Try it => Only the lines below starting at the one containing "Event_EverybodyHappy_filmzaal.jpg" and ending at the one containing "Scotch&Soda R'belle SS21 160215 SS tee pink" belong in the answer, each copied exactly.
*** Block opens ***
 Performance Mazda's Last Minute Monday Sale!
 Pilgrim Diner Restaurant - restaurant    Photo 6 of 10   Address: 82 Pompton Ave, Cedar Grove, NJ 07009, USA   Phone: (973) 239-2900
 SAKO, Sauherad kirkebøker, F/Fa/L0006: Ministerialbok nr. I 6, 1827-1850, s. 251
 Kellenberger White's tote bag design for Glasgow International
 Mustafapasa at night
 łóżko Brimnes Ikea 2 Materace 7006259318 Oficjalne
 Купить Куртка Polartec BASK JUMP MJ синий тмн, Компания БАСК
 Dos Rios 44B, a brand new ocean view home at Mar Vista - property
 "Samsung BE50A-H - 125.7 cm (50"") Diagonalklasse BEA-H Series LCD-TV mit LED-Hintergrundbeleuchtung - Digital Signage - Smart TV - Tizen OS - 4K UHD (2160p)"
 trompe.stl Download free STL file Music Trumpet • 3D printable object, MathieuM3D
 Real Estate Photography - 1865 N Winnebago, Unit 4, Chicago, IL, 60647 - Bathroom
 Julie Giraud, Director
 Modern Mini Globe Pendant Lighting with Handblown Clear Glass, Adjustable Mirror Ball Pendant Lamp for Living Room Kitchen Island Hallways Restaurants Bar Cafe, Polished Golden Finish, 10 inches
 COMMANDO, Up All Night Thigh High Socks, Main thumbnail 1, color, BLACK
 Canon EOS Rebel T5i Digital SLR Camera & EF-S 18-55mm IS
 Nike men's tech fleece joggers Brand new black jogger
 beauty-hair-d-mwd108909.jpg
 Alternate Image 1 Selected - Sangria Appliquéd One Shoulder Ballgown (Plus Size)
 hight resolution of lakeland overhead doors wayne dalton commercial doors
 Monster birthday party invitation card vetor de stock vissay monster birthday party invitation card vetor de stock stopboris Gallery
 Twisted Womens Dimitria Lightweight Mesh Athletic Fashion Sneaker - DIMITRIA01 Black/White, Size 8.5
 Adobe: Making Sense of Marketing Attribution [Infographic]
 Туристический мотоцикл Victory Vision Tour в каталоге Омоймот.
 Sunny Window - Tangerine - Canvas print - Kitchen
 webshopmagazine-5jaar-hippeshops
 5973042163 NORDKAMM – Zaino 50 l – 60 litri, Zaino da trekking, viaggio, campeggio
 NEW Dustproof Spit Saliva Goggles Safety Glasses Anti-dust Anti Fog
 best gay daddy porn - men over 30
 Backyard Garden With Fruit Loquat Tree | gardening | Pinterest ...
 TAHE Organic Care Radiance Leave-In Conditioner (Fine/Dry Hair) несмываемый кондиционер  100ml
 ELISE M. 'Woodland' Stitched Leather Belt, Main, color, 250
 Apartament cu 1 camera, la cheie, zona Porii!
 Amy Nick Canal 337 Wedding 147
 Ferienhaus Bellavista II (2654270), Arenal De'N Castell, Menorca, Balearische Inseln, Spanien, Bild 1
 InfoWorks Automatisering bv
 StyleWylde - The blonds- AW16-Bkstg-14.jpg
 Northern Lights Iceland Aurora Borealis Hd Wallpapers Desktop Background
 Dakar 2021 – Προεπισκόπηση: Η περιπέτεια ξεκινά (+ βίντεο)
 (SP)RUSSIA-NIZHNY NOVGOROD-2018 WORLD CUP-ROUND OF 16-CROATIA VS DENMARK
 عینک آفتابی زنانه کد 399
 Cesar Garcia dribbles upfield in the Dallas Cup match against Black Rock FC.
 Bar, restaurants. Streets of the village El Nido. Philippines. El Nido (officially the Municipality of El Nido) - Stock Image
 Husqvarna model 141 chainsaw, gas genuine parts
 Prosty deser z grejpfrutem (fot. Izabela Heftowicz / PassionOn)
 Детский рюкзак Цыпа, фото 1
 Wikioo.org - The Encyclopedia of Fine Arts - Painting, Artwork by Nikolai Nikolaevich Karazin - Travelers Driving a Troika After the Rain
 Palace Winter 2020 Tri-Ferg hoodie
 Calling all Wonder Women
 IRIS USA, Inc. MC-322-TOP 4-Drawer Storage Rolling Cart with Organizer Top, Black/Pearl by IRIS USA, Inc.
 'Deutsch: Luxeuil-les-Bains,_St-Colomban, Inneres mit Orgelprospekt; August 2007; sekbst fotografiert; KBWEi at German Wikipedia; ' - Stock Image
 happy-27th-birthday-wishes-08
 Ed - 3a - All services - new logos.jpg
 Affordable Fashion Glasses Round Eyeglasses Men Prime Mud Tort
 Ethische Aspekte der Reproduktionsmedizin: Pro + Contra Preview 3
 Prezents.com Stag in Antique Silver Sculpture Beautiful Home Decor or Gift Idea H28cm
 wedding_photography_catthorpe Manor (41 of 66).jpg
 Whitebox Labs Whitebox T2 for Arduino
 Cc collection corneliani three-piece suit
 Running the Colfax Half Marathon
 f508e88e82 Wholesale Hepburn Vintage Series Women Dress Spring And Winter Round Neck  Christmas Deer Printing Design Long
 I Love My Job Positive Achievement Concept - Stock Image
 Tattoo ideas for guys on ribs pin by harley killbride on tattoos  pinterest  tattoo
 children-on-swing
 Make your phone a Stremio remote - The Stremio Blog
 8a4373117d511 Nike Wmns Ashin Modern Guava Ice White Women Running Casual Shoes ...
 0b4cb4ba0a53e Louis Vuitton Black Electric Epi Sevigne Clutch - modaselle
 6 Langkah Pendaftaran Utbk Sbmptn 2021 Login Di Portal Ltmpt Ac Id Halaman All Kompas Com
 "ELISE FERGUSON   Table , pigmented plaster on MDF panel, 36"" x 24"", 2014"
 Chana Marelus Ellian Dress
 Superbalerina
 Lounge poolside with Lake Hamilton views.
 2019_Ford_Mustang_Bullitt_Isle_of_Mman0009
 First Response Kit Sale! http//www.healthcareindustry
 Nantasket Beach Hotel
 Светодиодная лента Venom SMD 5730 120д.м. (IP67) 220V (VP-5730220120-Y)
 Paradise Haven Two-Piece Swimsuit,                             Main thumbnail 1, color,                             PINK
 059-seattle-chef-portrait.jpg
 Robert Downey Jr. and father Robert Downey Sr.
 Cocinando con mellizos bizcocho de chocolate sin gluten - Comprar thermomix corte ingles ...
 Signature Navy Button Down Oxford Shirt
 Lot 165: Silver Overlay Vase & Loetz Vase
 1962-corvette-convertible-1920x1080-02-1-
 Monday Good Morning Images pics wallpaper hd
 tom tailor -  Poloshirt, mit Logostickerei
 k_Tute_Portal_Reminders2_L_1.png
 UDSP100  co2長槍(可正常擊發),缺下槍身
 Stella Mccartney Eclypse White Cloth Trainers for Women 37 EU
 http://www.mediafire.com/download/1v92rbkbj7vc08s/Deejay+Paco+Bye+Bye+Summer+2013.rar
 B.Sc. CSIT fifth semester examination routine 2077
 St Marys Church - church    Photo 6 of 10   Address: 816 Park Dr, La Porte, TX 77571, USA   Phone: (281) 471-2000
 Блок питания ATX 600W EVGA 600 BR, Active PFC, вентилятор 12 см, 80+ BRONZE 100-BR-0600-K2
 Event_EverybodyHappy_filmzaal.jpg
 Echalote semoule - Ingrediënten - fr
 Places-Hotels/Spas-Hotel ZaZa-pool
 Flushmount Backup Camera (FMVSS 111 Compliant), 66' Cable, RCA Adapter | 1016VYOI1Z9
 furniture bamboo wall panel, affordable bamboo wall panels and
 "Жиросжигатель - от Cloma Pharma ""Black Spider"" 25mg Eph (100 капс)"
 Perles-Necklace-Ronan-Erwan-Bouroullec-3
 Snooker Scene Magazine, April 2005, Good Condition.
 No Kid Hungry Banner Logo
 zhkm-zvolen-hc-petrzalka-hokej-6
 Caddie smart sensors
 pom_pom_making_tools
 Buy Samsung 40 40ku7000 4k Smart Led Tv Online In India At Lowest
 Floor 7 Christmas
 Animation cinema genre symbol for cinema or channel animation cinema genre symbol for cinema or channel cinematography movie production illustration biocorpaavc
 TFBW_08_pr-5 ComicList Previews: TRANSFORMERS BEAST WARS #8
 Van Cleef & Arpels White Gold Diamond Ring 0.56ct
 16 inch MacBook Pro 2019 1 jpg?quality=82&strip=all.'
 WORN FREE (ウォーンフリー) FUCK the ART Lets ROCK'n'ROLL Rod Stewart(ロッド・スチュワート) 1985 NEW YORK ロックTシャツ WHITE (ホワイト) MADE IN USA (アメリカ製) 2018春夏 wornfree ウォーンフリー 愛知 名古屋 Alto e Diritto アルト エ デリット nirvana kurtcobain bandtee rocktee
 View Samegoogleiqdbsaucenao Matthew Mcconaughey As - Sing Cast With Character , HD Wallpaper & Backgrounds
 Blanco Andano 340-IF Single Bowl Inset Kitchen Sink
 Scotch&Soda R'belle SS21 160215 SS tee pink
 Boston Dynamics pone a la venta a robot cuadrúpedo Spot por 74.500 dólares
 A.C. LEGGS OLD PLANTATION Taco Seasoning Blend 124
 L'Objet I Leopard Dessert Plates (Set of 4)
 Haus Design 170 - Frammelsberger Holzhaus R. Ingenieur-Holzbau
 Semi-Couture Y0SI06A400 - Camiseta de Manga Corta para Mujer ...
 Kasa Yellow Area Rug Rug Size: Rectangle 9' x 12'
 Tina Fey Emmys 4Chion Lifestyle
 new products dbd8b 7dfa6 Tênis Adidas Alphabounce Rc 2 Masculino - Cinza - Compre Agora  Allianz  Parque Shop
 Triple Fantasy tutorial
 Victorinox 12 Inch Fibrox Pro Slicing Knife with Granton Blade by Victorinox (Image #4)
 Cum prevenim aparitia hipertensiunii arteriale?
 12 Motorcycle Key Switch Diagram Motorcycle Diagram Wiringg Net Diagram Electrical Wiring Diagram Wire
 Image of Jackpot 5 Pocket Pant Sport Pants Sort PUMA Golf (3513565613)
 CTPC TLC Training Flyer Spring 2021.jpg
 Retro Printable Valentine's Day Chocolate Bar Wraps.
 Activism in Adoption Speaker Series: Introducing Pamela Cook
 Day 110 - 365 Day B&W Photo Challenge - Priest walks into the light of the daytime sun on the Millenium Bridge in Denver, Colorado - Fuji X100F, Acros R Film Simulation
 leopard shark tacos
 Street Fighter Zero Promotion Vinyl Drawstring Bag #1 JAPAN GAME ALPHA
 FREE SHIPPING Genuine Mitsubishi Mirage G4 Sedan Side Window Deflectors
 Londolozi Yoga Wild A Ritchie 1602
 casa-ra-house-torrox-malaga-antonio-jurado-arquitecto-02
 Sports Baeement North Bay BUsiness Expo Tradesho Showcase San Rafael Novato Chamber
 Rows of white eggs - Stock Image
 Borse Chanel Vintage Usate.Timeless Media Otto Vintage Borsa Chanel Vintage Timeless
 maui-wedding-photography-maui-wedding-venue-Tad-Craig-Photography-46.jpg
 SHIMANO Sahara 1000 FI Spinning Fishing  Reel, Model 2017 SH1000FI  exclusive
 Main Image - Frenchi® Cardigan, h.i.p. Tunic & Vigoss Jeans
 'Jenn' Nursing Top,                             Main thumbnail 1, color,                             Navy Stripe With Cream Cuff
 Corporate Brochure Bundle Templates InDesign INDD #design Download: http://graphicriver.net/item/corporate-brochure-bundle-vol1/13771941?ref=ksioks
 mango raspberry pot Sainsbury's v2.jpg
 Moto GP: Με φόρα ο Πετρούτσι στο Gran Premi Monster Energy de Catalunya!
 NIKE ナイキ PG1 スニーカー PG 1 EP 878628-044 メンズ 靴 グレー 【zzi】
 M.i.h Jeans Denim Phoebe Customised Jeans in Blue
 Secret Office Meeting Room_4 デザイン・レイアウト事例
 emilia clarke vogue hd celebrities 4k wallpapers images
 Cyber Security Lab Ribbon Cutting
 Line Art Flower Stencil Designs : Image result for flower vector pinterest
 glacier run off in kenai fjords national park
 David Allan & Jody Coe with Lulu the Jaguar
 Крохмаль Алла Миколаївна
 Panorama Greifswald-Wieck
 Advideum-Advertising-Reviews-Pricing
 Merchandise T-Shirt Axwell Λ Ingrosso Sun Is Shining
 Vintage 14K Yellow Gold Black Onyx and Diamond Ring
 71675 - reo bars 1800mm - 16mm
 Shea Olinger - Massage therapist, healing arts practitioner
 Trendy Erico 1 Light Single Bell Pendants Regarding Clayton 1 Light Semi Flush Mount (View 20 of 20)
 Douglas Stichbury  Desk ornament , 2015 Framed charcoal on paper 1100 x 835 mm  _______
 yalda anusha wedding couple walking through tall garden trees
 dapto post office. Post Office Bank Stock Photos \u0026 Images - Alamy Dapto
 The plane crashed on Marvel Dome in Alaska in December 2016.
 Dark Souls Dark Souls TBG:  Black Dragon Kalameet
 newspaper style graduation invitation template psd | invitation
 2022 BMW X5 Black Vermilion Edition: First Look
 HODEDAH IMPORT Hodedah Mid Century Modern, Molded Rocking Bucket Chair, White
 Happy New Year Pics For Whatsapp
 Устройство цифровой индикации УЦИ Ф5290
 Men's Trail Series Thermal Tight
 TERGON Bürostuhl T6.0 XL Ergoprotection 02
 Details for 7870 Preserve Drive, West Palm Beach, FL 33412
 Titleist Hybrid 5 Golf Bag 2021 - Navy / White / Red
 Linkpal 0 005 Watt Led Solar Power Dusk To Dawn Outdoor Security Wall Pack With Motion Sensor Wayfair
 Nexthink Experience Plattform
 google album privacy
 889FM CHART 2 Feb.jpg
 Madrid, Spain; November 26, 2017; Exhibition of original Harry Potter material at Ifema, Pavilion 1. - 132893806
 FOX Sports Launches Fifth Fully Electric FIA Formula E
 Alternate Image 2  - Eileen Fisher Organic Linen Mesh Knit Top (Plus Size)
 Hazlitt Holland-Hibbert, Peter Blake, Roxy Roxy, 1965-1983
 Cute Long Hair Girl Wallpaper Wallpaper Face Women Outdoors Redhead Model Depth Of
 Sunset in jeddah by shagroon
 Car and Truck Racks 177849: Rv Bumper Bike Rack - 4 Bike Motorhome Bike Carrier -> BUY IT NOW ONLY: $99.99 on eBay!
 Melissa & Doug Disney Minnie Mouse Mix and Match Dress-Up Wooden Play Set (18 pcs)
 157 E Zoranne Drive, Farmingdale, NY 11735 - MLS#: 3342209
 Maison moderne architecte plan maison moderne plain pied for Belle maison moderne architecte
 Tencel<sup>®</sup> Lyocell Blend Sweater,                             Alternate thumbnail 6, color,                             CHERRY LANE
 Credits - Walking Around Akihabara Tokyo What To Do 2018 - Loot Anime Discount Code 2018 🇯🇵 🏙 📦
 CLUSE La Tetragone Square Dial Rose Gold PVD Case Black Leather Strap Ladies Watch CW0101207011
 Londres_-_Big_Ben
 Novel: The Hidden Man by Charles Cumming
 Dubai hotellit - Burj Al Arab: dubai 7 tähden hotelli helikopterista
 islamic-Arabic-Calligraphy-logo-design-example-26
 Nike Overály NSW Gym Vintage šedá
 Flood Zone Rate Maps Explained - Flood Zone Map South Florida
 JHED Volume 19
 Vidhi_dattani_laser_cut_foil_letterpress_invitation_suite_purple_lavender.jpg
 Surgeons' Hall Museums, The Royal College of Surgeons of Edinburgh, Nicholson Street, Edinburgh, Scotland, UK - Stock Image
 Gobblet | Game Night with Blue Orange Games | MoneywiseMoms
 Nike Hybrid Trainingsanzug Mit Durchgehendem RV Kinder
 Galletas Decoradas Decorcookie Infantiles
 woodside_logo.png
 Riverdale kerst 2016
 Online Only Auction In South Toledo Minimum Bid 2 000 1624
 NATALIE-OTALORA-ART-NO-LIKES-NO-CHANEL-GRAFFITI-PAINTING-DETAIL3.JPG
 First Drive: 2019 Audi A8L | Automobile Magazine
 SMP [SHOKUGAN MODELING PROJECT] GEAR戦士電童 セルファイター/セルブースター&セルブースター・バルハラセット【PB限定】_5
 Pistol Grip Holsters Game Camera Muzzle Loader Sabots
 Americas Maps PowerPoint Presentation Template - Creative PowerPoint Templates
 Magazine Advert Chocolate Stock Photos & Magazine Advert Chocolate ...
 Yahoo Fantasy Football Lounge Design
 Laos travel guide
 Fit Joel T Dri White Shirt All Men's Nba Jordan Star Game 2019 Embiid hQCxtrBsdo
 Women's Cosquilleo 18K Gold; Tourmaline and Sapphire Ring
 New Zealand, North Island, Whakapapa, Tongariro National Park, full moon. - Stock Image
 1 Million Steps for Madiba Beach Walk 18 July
*** Block closes ***
Solution for this problem =>
 Event_EverybodyHappy_filmzaal.jpg
 Echalote semoule - Ingrediënten - fr
 Places-Hotels/Spas-Hotel ZaZa-pool
 Flushmount Backup Camera (FMVSS 111 Compliant), 66' Cable, RCA Adapter | 1016VYOI1Z9
 furniture bamboo wall panel, affordable bamboo wall panels and
 "Жиросжигатель - от Cloma Pharma ""Black Spider"" 25mg Eph (100 капс)"
 Perles-Necklace-Ronan-Erwan-Bouroullec-3
 Snooker Scene Magazine, April 2005, Good Condition.
 No Kid Hungry Banner Logo
 zhkm-zvolen-hc-petrzalka-hokej-6
 Caddie smart sensors
 pom_pom_making_tools
 Buy Samsung 40 40ku7000 4k Smart Led Tv Online In India At Lowest
 Floor 7 Christmas
 Animation cinema genre symbol for cinema or channel animation cinema genre symbol for cinema or channel cinematography movie production illustration biocorpaavc
 TFBW_08_pr-5 ComicList Previews: TRANSFORMERS BEAST WARS #8
 Van Cleef & Arpels White Gold Diamond Ring 0.56ct
 16 inch MacBook Pro 2019 1 jpg?quality=82&strip=all.'
 WORN FREE (ウォーンフリー) FUCK the ART Lets ROCK'n'ROLL Rod Stewart(ロッド・スチュワート) 1985 NEW YORK ロックTシャツ WHITE (ホワイト) MADE IN USA (アメリカ製) 2018春夏 wornfree ウォーンフリー 愛知 名古屋 Alto e Diritto アルト エ デリット nirvana kurtcobain bandtee rocktee
 View Samegoogleiqdbsaucenao Matthew Mcconaughey As - Sing Cast With Character , HD Wallpaper & Backgrounds
 Blanco Andano 340-IF Single Bowl Inset Kitchen Sink
 Scotch&Soda R'belle SS21 160215 SS tee pink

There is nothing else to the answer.